The key inclusion criteria were: (1) 55–90 years of age; (2) fluency in English, French, Spanish, German or Italian; and (3) familiarity with digital devices, including currently possessing and actively using an iPad Pro or iPhone with an at‐home Wi‐Fi network for the remote assessments. Biomarkers for CSF, brain MRI, and APOE ɛ3/ɛ4 genotype were assessed at baseline together with the Altoida iADL test. A control group of 283 healthy individuals matched by age and that underwent the same procedure were provided by Global Brain Health Institute (GBHI) at Trinity College, Dublin. The summary of the study population is shown in Table 2. At baseline, cognitive deficits compatible with MCI diagnosis were found in 213 subjects, 170 from the memory clinics and primary care centers in Europe, and 43 from the community centers in the United States.

TABLE 2.

Characteristics of the MCI population included in validation analyses

Characteristic	EU population (n = 170)	U.S. population (n = 43)
Data collection period	2017–2020	2017–2020
Study design	Multicenter longitudinal cohort study	Multicenter longitudinal cohort study
Setting	Memory clinics and primary care	Primary care
Inclusion criteria	Memory complaints verified by study partner, abnormal memory functioning, MMSE of 24–30, Clinical Dementia Rating scale of 0·5, does not fulfill the criteria for dementia	Unspecified memory complaints, abnormal memory functioning, MMSE of 24–30, Clinical Dementia Rating scale of 0·5, does not fulfill the criteria for dementia
Participants who developed dementia	74 (44%)	16 (35%)
Follow‐up	Clinical follow‐up every 12 months	6–12‐month interval
MRI measurements available	149 (88%)	40 (95%)
MRI quantification method	FreeSurfer version 5.3	FreeSurfer version 5.3
CSF samples with biomarkers measurements available	124 (73%)	17 (41%)
CSF platform	Innotest	Innotest

Open in a new tab

Abbreviations: CSF, cerebrospinal fluid; MCI, mild cognitive impairment; MRI, magnetic resonance imaging.

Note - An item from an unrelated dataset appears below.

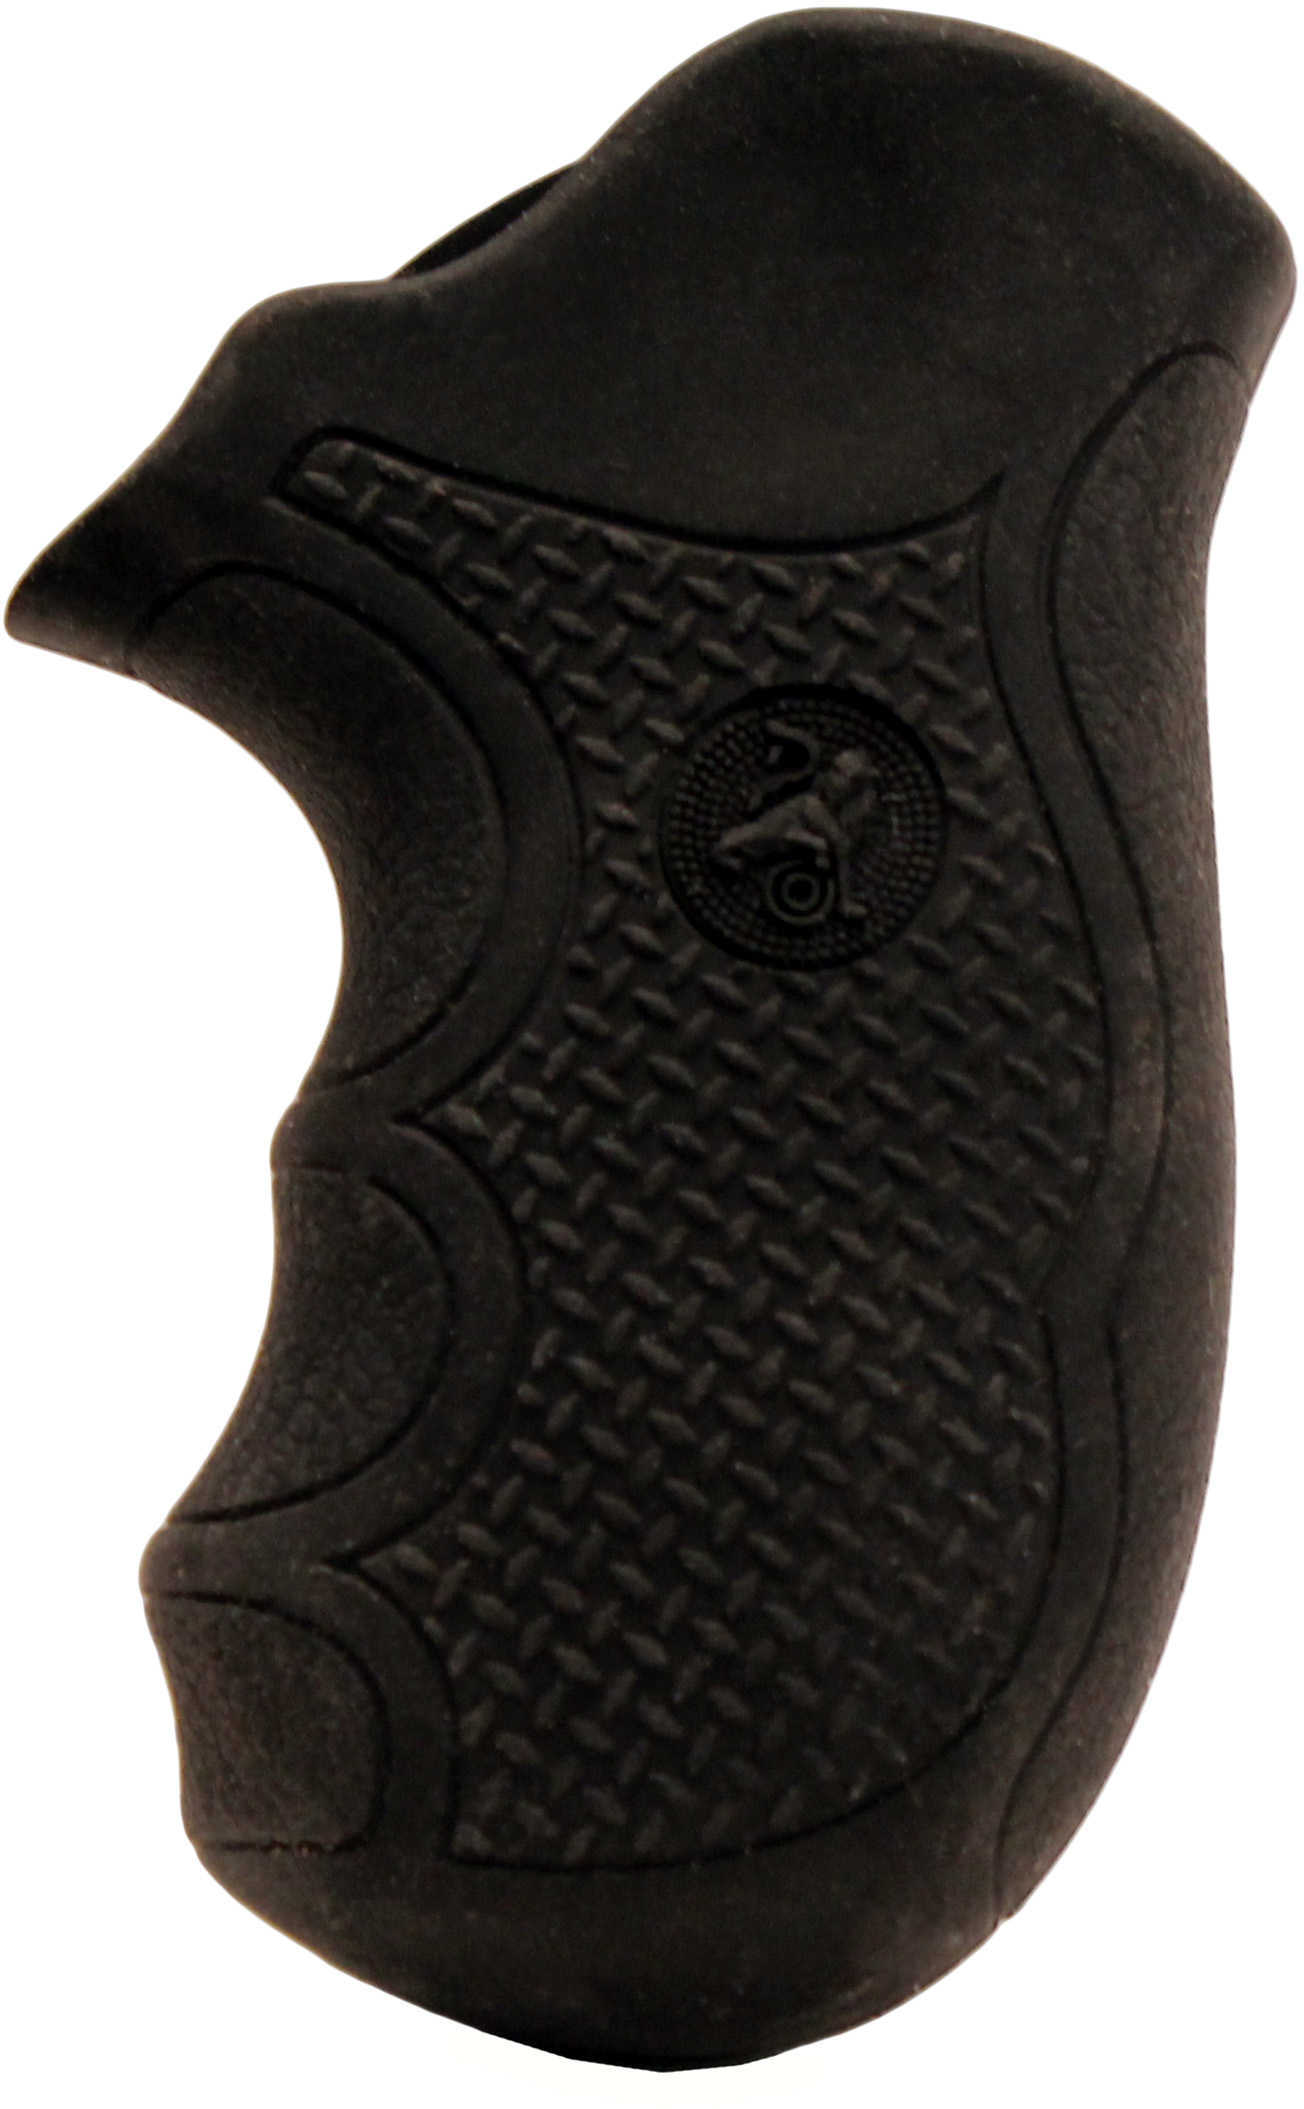 Pachmayr Diamond Pro Ruger Grips SP101 Md: 02483
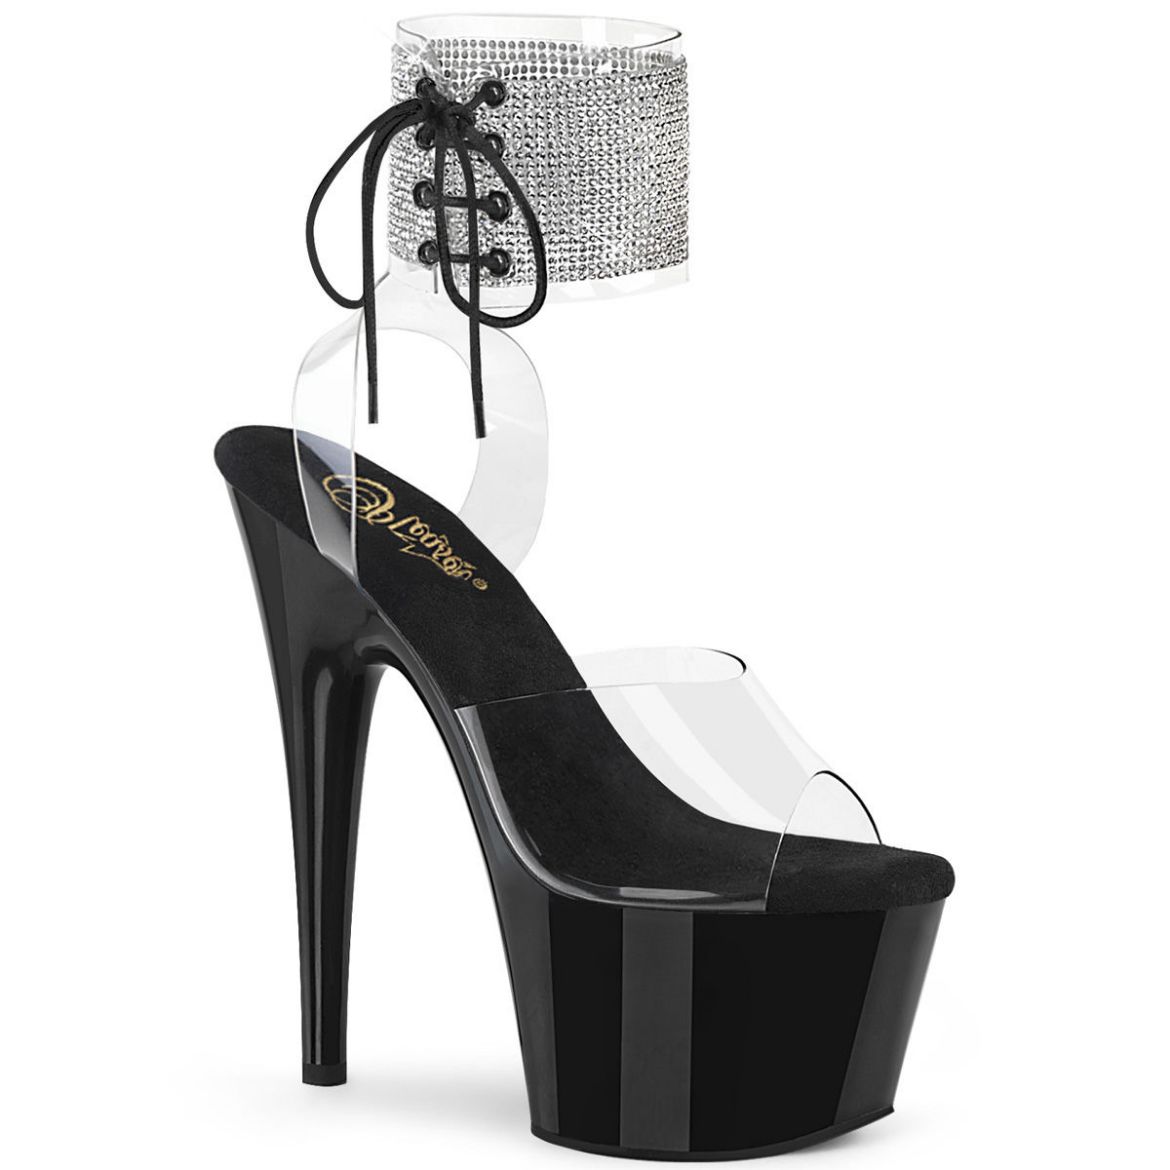 Product image of Pleaser ADORE-791-2RS Clear/Black 7 inch (17.8 cm) Heel 2 3/4 inch (7 cm) Platform Ankle Cuff Sandal With Rhinestones Shoes

An additional substudy was included aimed to test the smartphone version of the Altoida iADL when the subjects were at home rather than in the clinics. It consisted of 100 subjects that were provided with an iPhone 6 Plus to be used as their device for Altoida iADL home assessments. The study was approved by IRBs and is reported in accordance with the TRIPOD (transparent reporting of a multivariable prediction model for individual prognosis or diagnosis) guidelines. ²³

2.2. Digital device and data generation

The Altoida iADL test is presented as a smartphone/tablet app providing augmented reality interactive tasks with varying difficulty levels inspired by iADL that require coordination of information by eliciting medium‐to‐high cognitive control, including spatial memory, prospective memory, executive function, and psychomotor processing speed. ²⁰ Initially the user is asked to follow instructions and perform fine and gross motor tests on the touch screen to calibrate the device and assess the subject interface‐use competence; then other introductive information prompts the user to perform the navigation (NAV) task consisting of “hiding” three virtual objects (eg, star, heart, teddy bear) appearing on the screen while exploring the environment through the live camera by targeting conspicuous landmarks and clicking on the home button. After a few minutes, the subject is asked to recover the hidden virtual objects from the selected environmental landmarks and find them in a different order while performing a simple odd‐ball task used as distraction to increase the task difficulty. During the object‐finding task, a total of 731 different metrics are collected from the smartphone/tablet touch screen, gyroscope, and accelerometers assessing time and intensity of various activities engaged during the tasks. These measurements were organized in 109 key functional motor behaviors related to the tasks, including gait strides and speed, grip strength, purposeless screen touch, spatial distribution of the motility path complexity when finding the augmented reality objects, time‐to‐hide and time‐to‐find each object, location, and order errors in object finding, etc. (see Figure 1 and Table S1 in supporting information). These data are collectively integrated into the NMI that represent the overall outcome of the individual task performance. Results are visualized on a dashboard available to the study team and stored for statistical analysis. Instructions about how to perform the task were generally provided by trained clinical staff, but self‐teaching videos were also developed and used, in particular for the home testing.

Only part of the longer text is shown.